== Source material ==

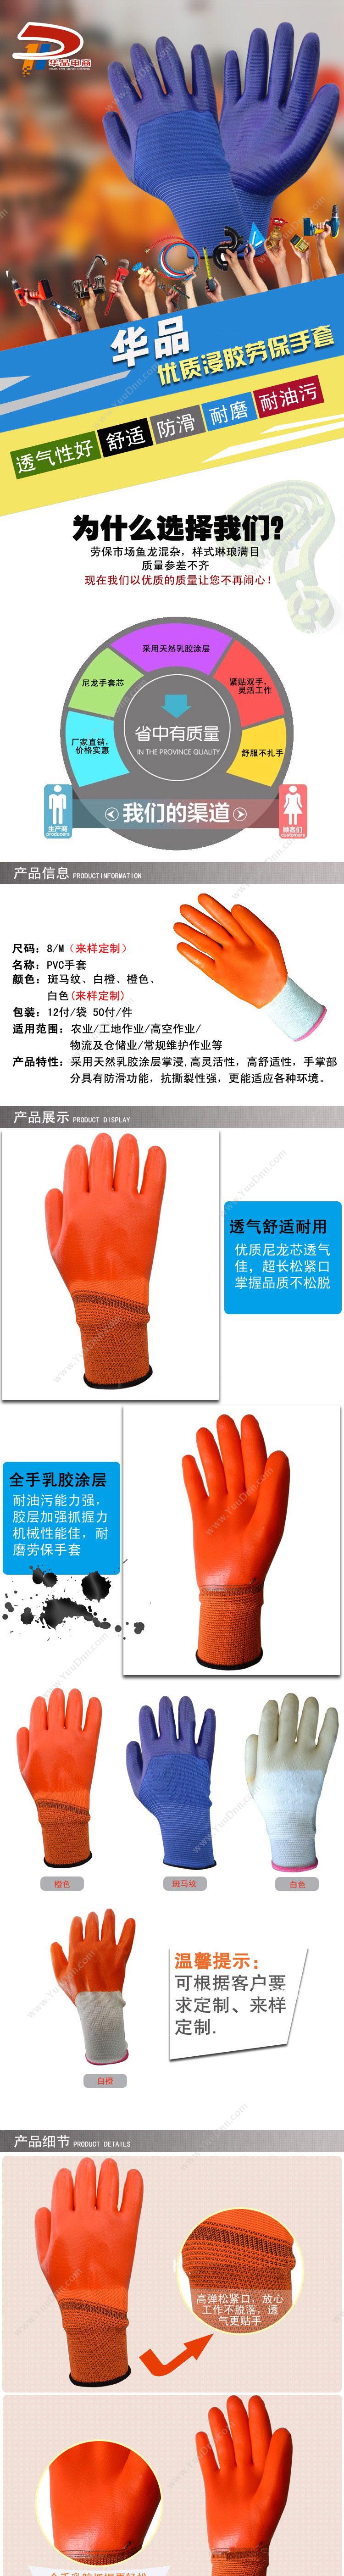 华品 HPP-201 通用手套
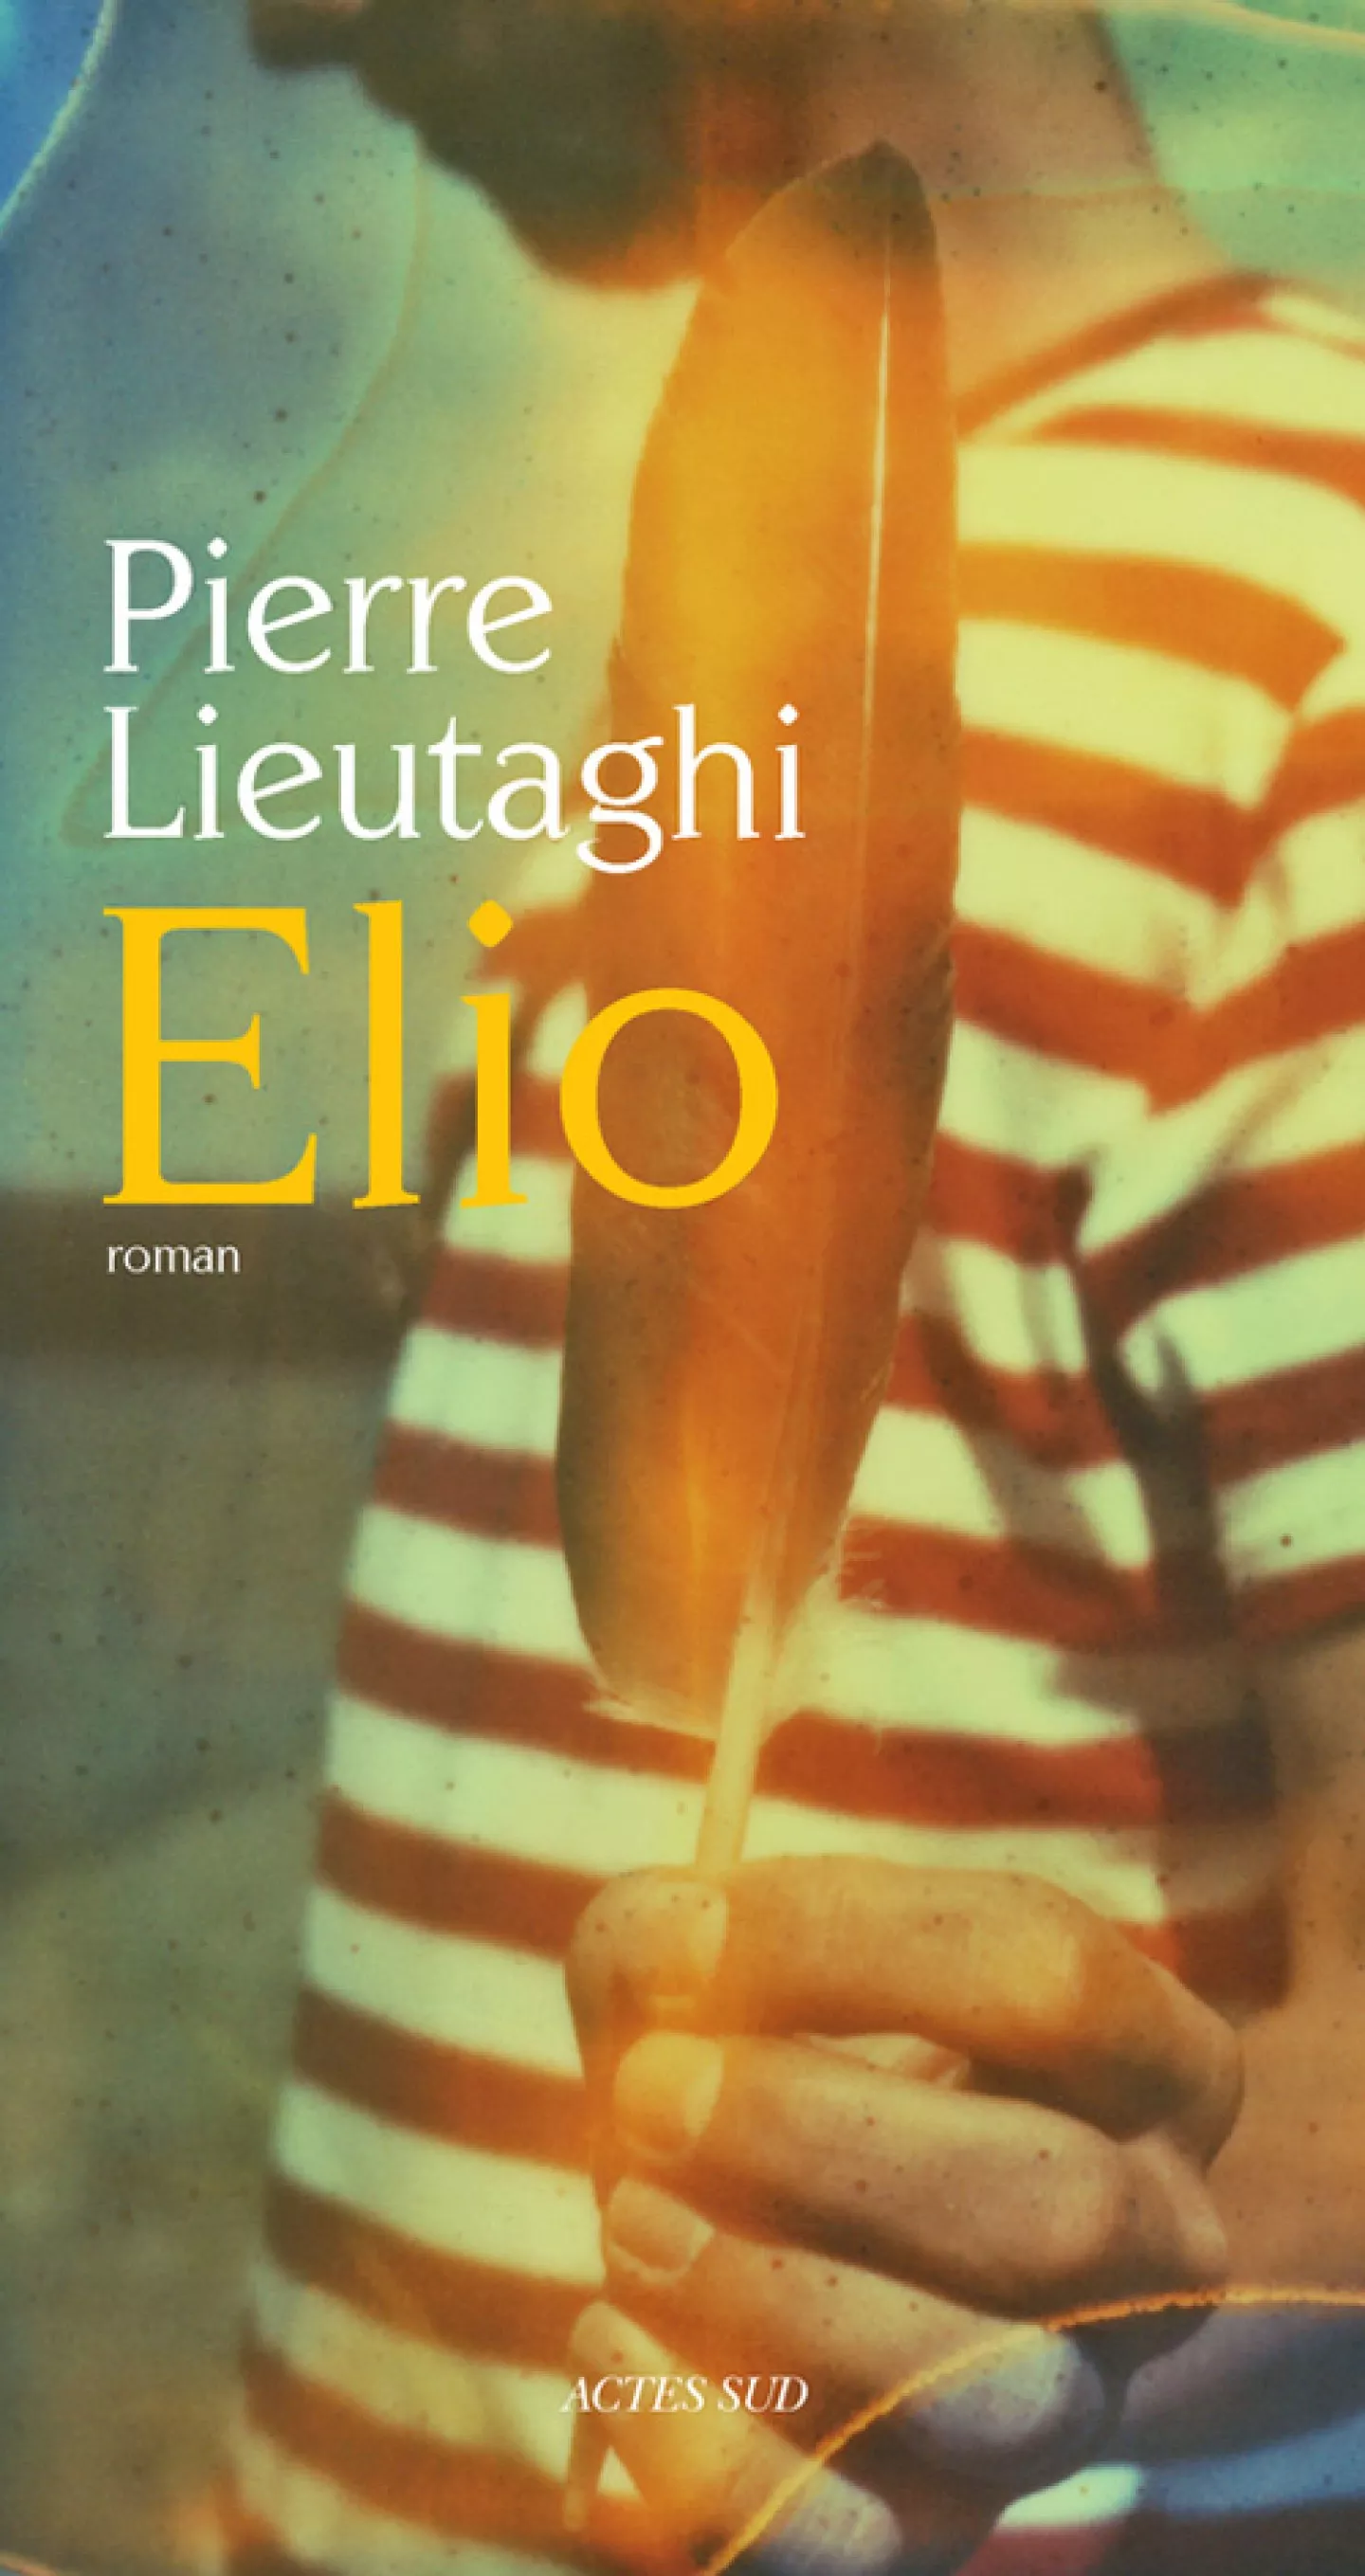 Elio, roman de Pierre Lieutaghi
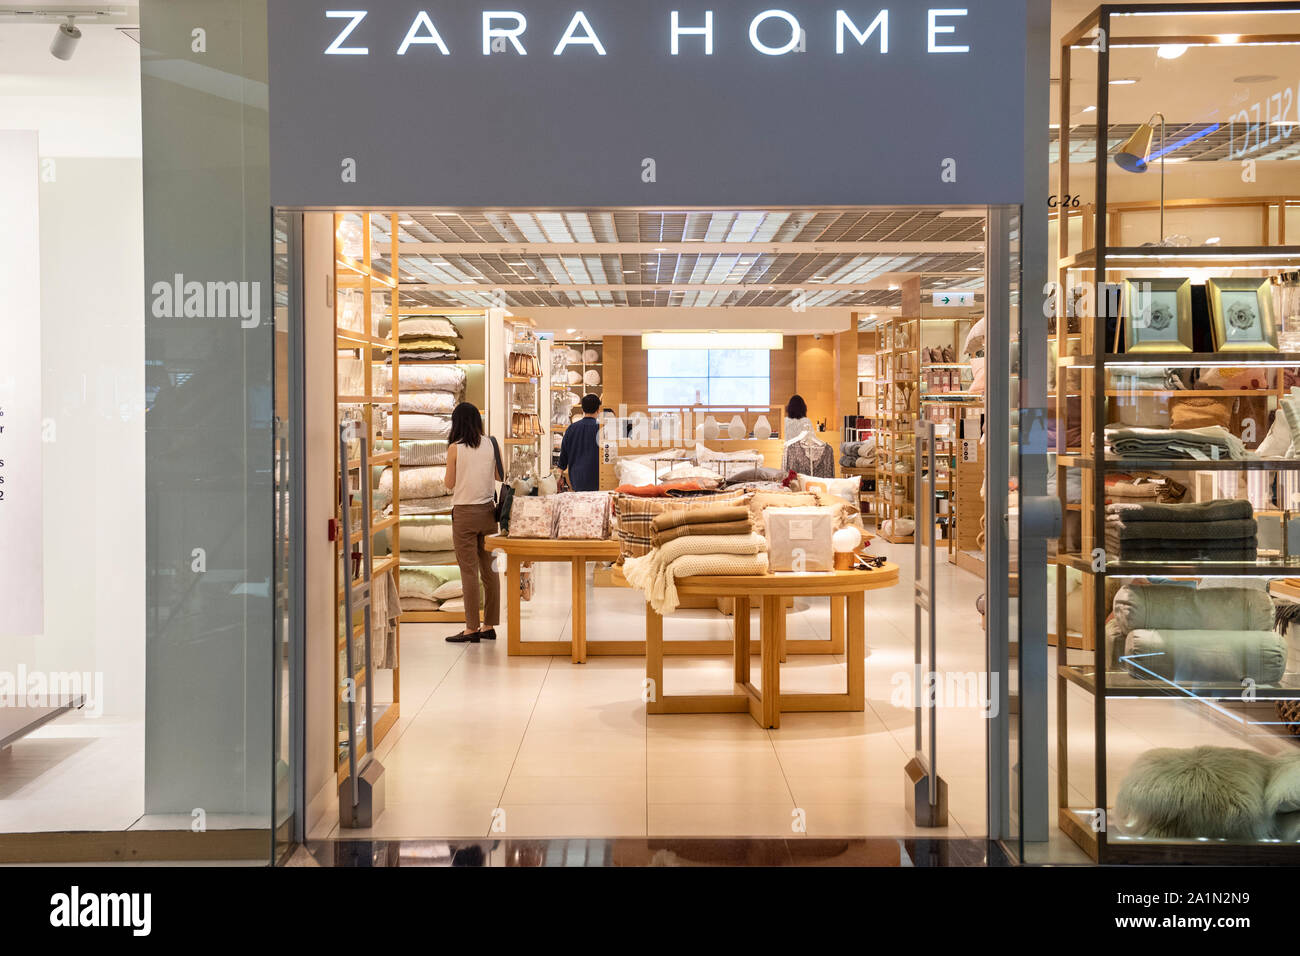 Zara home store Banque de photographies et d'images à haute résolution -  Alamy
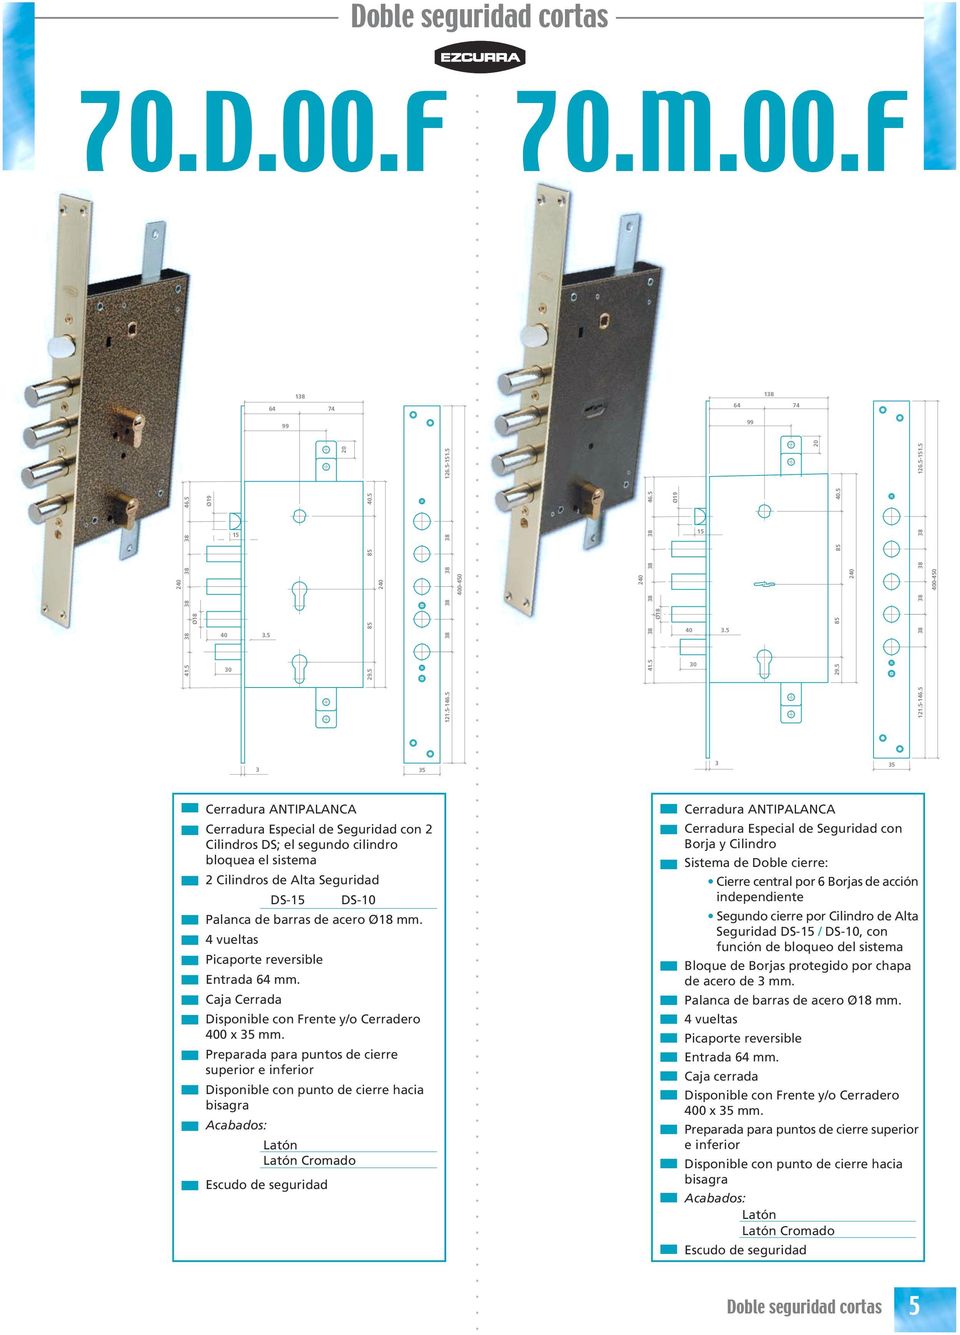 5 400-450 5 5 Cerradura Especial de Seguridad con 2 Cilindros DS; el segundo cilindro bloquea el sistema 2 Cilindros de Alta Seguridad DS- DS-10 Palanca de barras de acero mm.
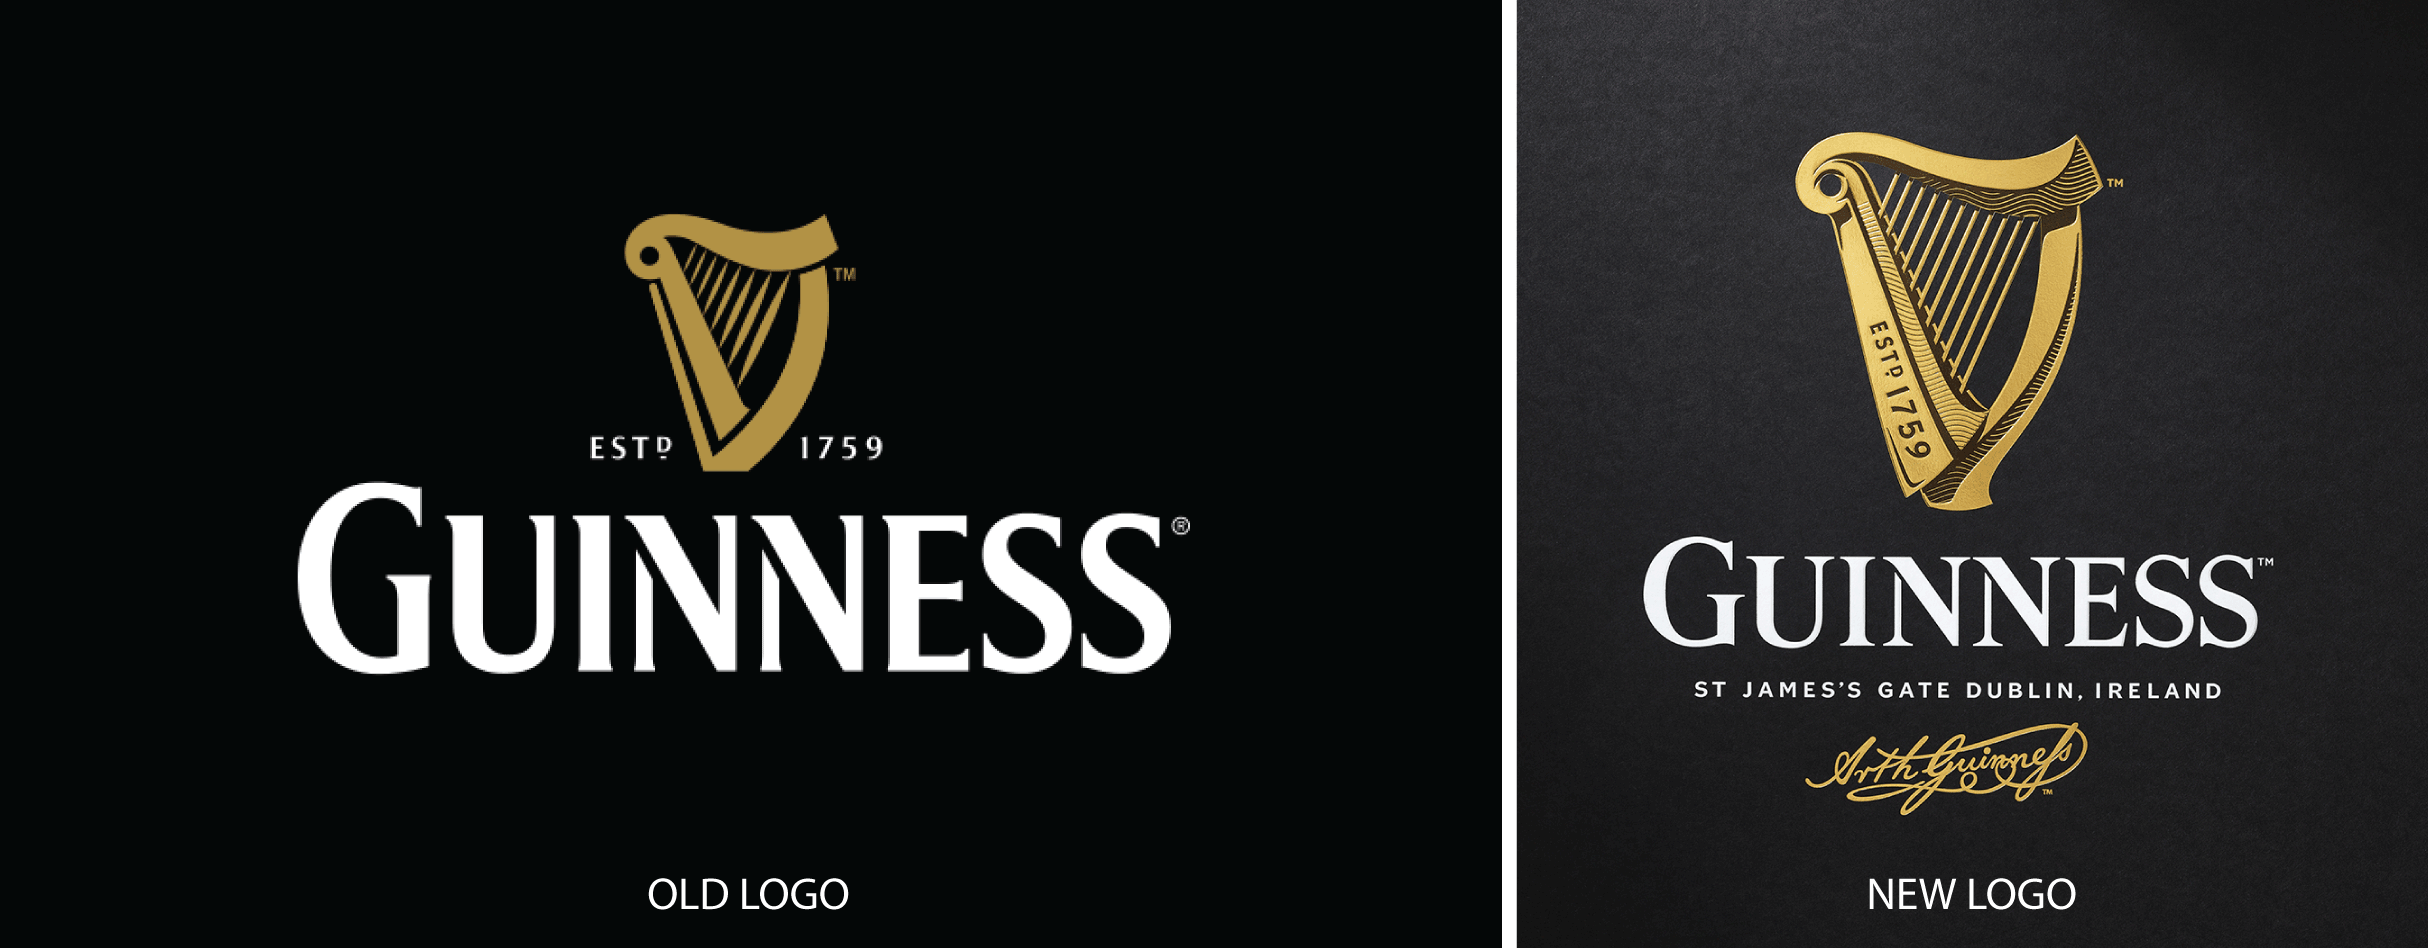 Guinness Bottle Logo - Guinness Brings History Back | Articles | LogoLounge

===

▸ **Task description**: Set down only the lines running from the line with "5 400-450 5" to the end of the entries, inclusive; omit every picture.

▸ **Written response**:
 5 400-450 5 5 Cerradura Especial de Seguridad con 2 Cilindros DS; el segundo cilindro bloquea el sistema 2 Cilindros de Alta Seguridad DS- DS-10 Palanca de barras de acero mm.
 Guinness Bottle Logo - Guinness Brings History Back | Articles | LogoLounge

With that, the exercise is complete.